The following are the things that stand out:

Counterfeit Religion

 

     As we come to the end of this set of studies, there is one thing that must surely stand out above all else – that of the ongoing godlessness of these kings of Israel. As we have already commented, every single one of them was condemned for the ongoing sin of Jeroboam – of setting up, sustaining and tolerating the counterfeit, substitute religion of the northern kingdom. This in itself led on to further idolatry. These people, originally at least, knew that they were a special, called-out people of God, the covenant people of God. One man led them away from that and no other king had the courage to take them back to it. At least with the kings of Judah there were kings who restored the people to their covenant relationship when they realised that they had strayed from it, but that was never so with Israel.
 

God's Activity

 

      We might have expected to find the Lord coming to bring judgment much earlier than He did. How could He have tolerated these kings who, one after another, perpetuated this breakdown in relationship with the Lord? But it's far more than merely tolerating it! He actively spoke into it. Elijah and Elisha are arguably the greatest signs and wonders prophets of the Old Testament and they lived and ministered in a period that was possibly the worst in terms of organised idolatry.
 

So Why?

 

        Why did the Lord allow all this? Why did the Lord divide the kingdom knowing as He must, that these things would come about? The answer has got to be because although God knows that an outcome will be bad, He nevertheless gives mankind the opportunity to make good. It was purely the wilful choices of a series of kings that opened the doors to, and encouraged, idolatry. They could have called the people back to God. They knew in history of a godly king, David. They knew of a king, Solomon, who was blessed by God so that prosperity and affluence was greater in Israel than anywhere else in the land. They had heard the stories but refused to respond to them. But they had had the opportunity to change.

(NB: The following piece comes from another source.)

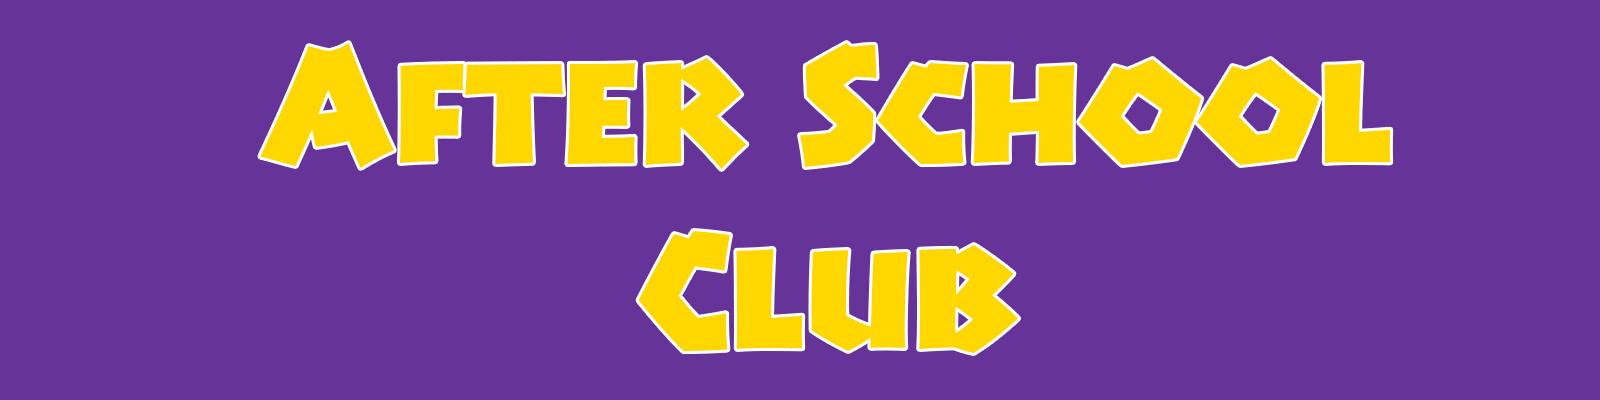 After School Clubs Banner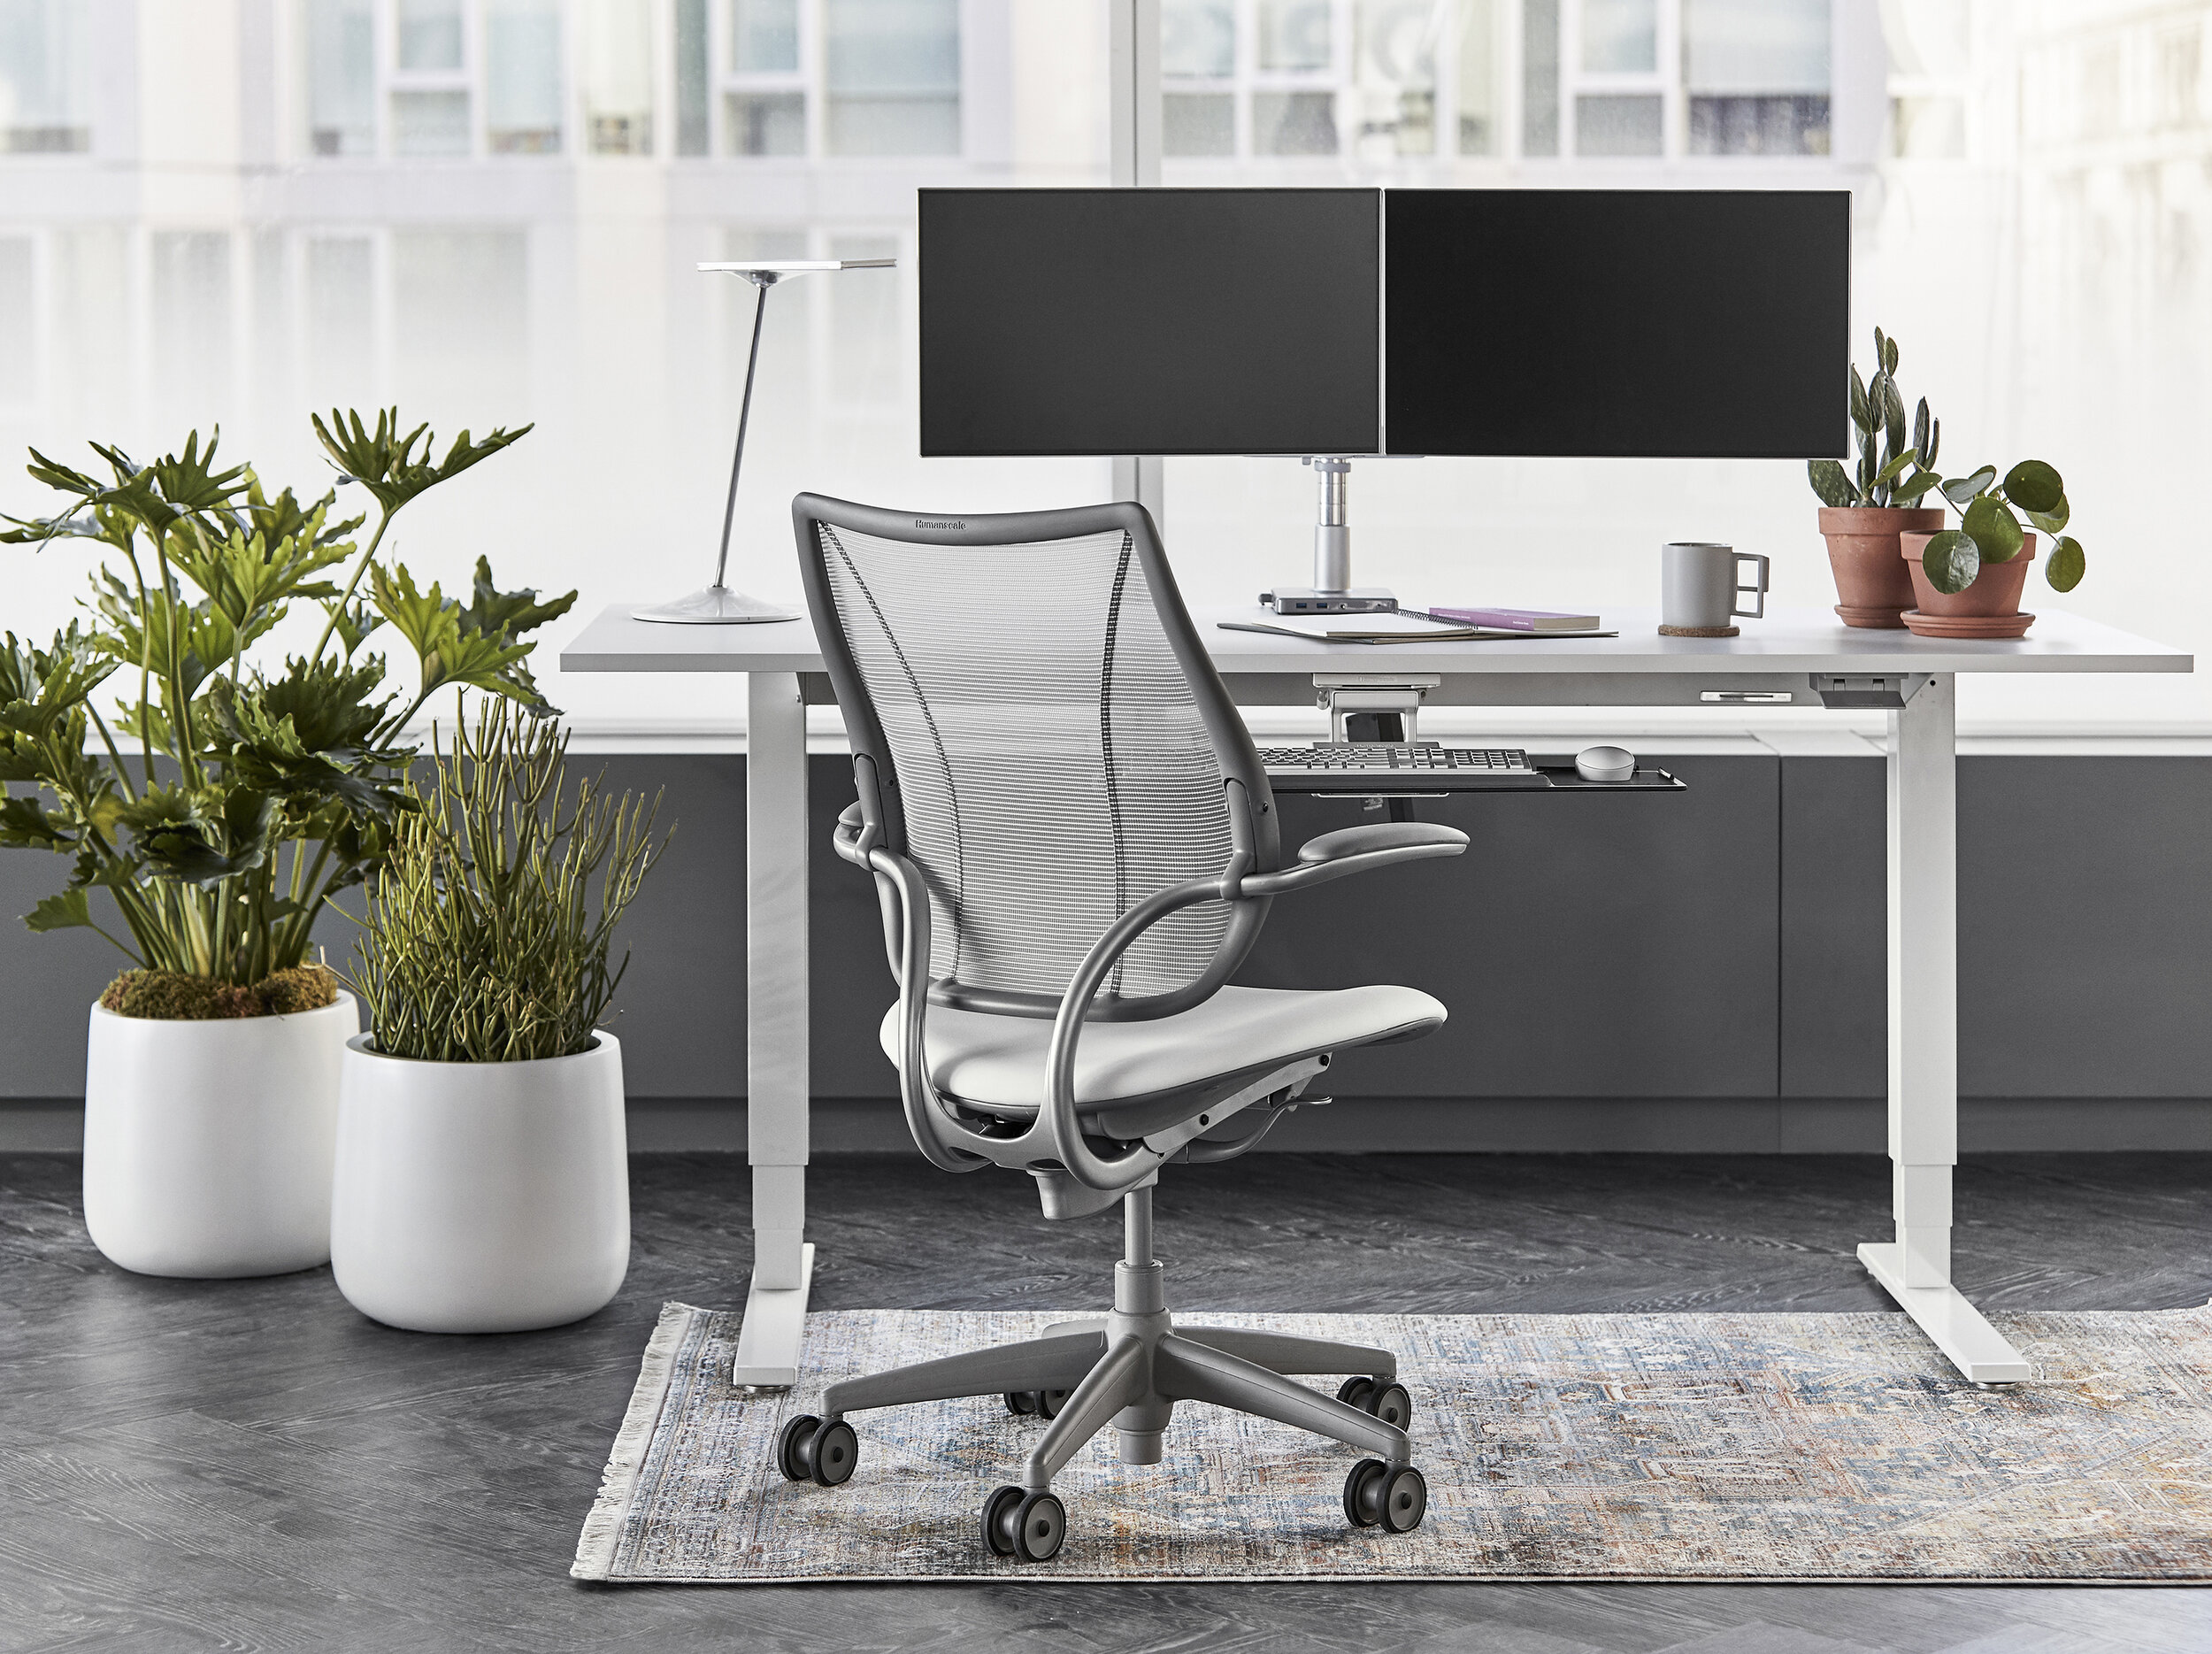 Humanscale Liberty chair — Commercial furniture solutions | Aspect Furniture

      Israel, the northern kingdom, are an example of a people who have been shown the way, but are then put into circumstances where they have to CHOOSE to follow that way, despite the difficulties. Without Jerusalem, without the Temple, without the visible reminder of the presence of the Lord in their midst, they fall away. Such is the work of Sin. On the Statistics page we have noted the times when the Lord spoke through His prophets. Whether the Lord actually brought about some of the changes or opened the way for sinful men to naturally respond in their sin to bring them about is never clear. However what is clear is that the plan and purpose and will of God are worked out. He declares it and it does happen!

       Whatever the kings were doing, one thing is clear: the Lord was there, speaking and moving and holding them accountable. It was never a case of the Lord sitting back and merely letting it all happen. These may have been ungodly kings, but that did not stop the Lord speaking to them and moving in their circumstances. Thus these chapters of history record some of the most remarkable moving of God in the history of Israel. Not, obviously so great as the Exodus, but clearly the sovereign will of God being worked out in the midst of ungodliness. Amazing!